The Li-doped surface will be able to present active adsorption sites, which will increase the number of interactions between the gas molecules and Gr. These interactions may cause a change in the electronic state of Gr, and consequently increase or decrease the E_F. Calculated results have shown that E_HOMO of the molecule is (-5.694 eV), implying that it has a tendency to donate electrons. Conversely, the E_LUMO of the molecule is (-4.084 eV), with implications of a tendency to accept electrons.
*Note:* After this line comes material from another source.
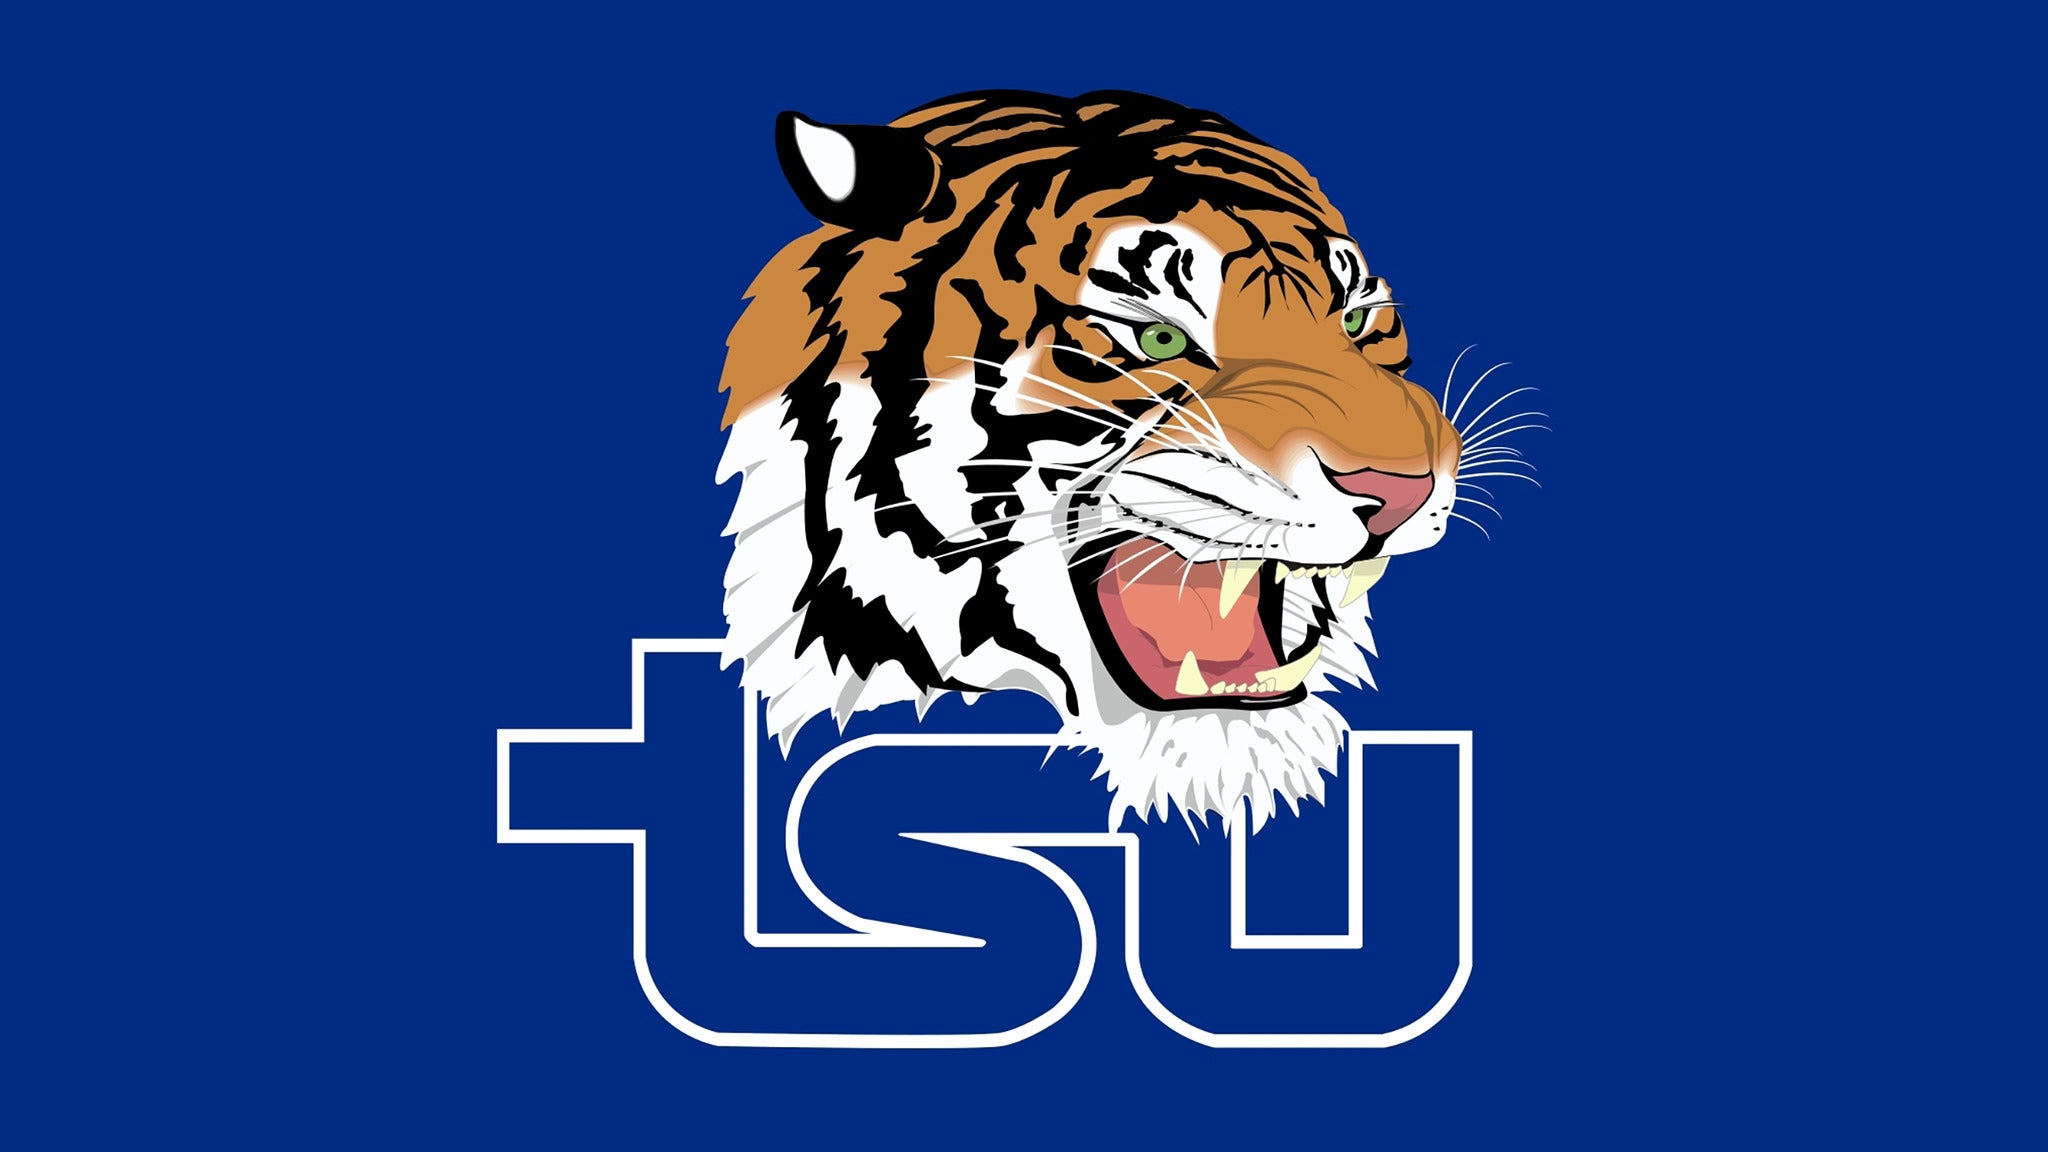 Tennessee State Tigers Mens Basketball presale information on freepresalepasswords.com

For the purpose of further exploring electronic characteristics of studied structures, DOS plots have been calculated of the adsorbed Li-Gr respectively, Figures 5(a)-(e) depict that the DOS of Li-Gr with adsorption of gas molecules CO, CO₂, NH₃, SO₂ and N₂ is not the same as the one of the DOS before the adsorption. The heights of the peaks become smaller, meaning that the number of DOS peaks in conduction band as well as valence band becomes smaller.
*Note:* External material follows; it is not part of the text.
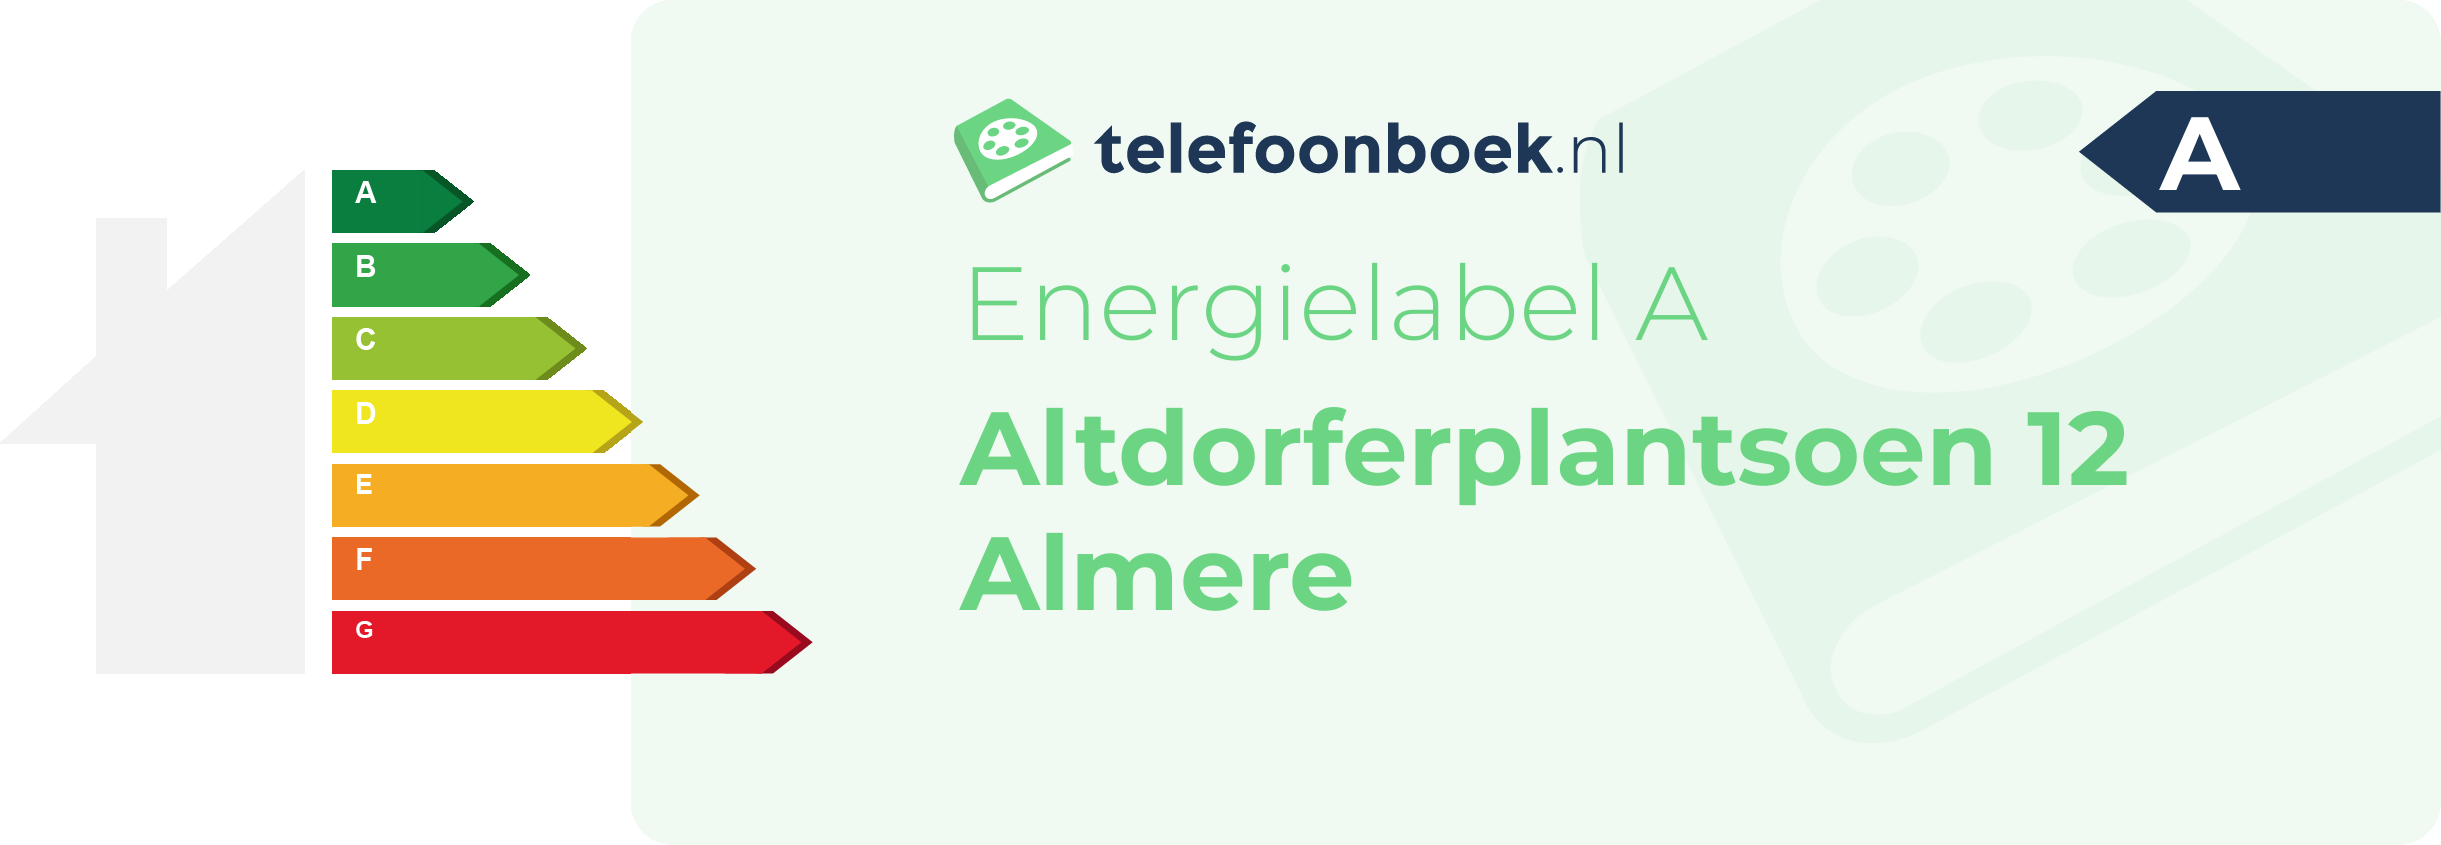 Energielabel Altdorferplantsoen 12 Almere

Adsorption of gases can lead to distortions in the Gr structure or surface reactions that result in changes in the energy distribution of electronic states. This can sometimes lead to a reduction in peak height or a decrease in DOS peaks.

The role of frontier molecular orbitals (FMOs), specifically LUMO and HOMO, is well-established in chemical reactions involving reactant molecules. For the analysis of the Li-Gr, understanding the FMOs becomes essential. In our study, we have summarized HOMO and LUMO energy levels for gas molecules like CO, CO₂, NH₃, SO₂, and N₂ adsorbed on Li-Gr in Table 2. Figures 6 and 7 show the analyzed structures of 3-D HOMO and LUMO distributions. The electron cloud in occupied and virtual orbits is clearly seen in HOMO–LUMO. Structures have HOMO electrons in green and LUMO electrons in red. DOS spectra for Li-Gr structures show low occupied orbital charge density and high virtual orbital charge density. This describes charge localization in virtual orbitals versus occupied orbitals. The FMOs of these gas molecules are concentrated in the Li-Gr structures' center and edges.

Figure 6. HOMO distribution (right: 2-D counter; left: 3-D) in Li-Gr structures

Figure 7. LUMO distribution (right: 2-D counter; left: 3D) in Li-Gr structures

Our theoretical predictions could be validated experimentally using techniques such as TPD, XPS, or conductivity measurements, providing a pathway to test the adsorption behavior and sensitivity of Li-Gr toward CO, CO₂, NH₃, SO₂, and N₂.